The primary criticism made by DeMallie and similar scholars is that Neihardt, as the author and editor, may have exaggerated or altered some parts of the story to make it more accessible and marketable to the intended white audience of the 1930s, or because he did not fully understand the Lakota context. Late twentieth-century editions of the book by Nebraska University Press have addressed this issue by entitling the book as Black Elk Speaks, as told through John G. Neihardt (aka "Flaming Rainbow").

== Publication data ==
- Black Elk Speaks, 1932, William Morrow & Company.
  - 1961 University of Nebraska Press edition with a new preface by Neihardt.
  - 1979 edition with an introduction by Vine Deloria, Jr.
  - 1988 edition: Black Elk Speaks: Being the Life Story of a Holy Man of the Oglala Sioux, as told through John G. Neihardt (Flaming Rainbow), ISBN 0-8032-8359-8.
  - 2000 edition with index: ISBN 0-8032-6170-5.
- Black Elk Speaks: Being the Life Story of a Holy Man of the Oglala Sioux, The Premier Edition, 2008, SUNY Press, Albany, NY, ISBN 978-1-4384-2540-5, with annotations by Raymond DeMallie, author of The Sixth Grandfather: Black Elk's Teachings Given to John G. Neihardt (1985). The premier edition by the State University of New York Press, under its Excelsior Editions, is the first annotated edition.

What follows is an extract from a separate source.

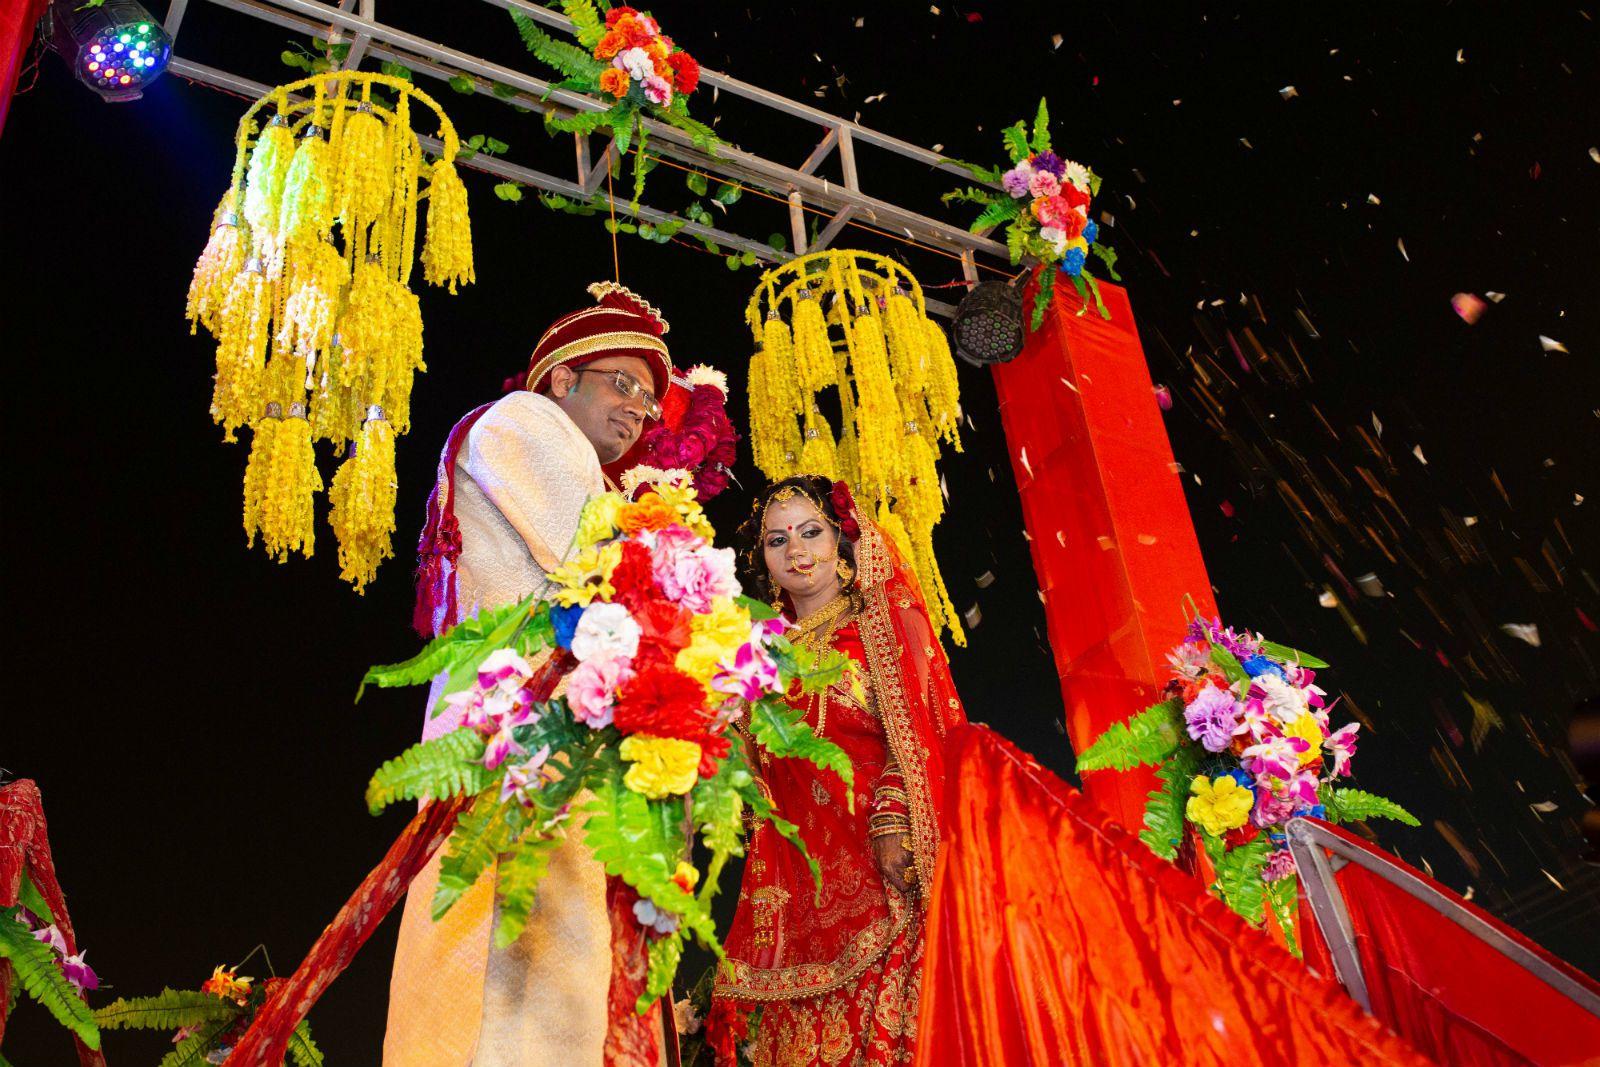 vjenčanje i upoznavanje običaja u Indiji

It includes reproductions of the original illustrations by Standing Bear, with new commentary; new maps of the world of Black Elk Speaks; and a revised index.
- Black Elk Speaks: The Complete Edition, 2014, University of Nebraska Press.

===Adaptation===

The book was adapted into a play by Christopher Sergel, John G. Neihardt's Black Elk Speaks, in the 1970s where it was staged by the Folger Theatre in Washington, D.C., and then taken on a national tour in 1978, and later restaged in 1992 with a revised version. One staging of the play was presented by the American Indian Theater Company at the Tulsa Performing Arts Center on April 19, 1984, starring David Carradine as Black Elk and Will Sampson as Red Cloud. This performance was also the first paid acting role for Wes Studi.

Shortly after Sergel's death, his revised version of the play “Black Elk Speaks” opened in January 1995. A Denver Center Theatre Company production, its actors included Ned Romero and Peter Kelly Gaudreault.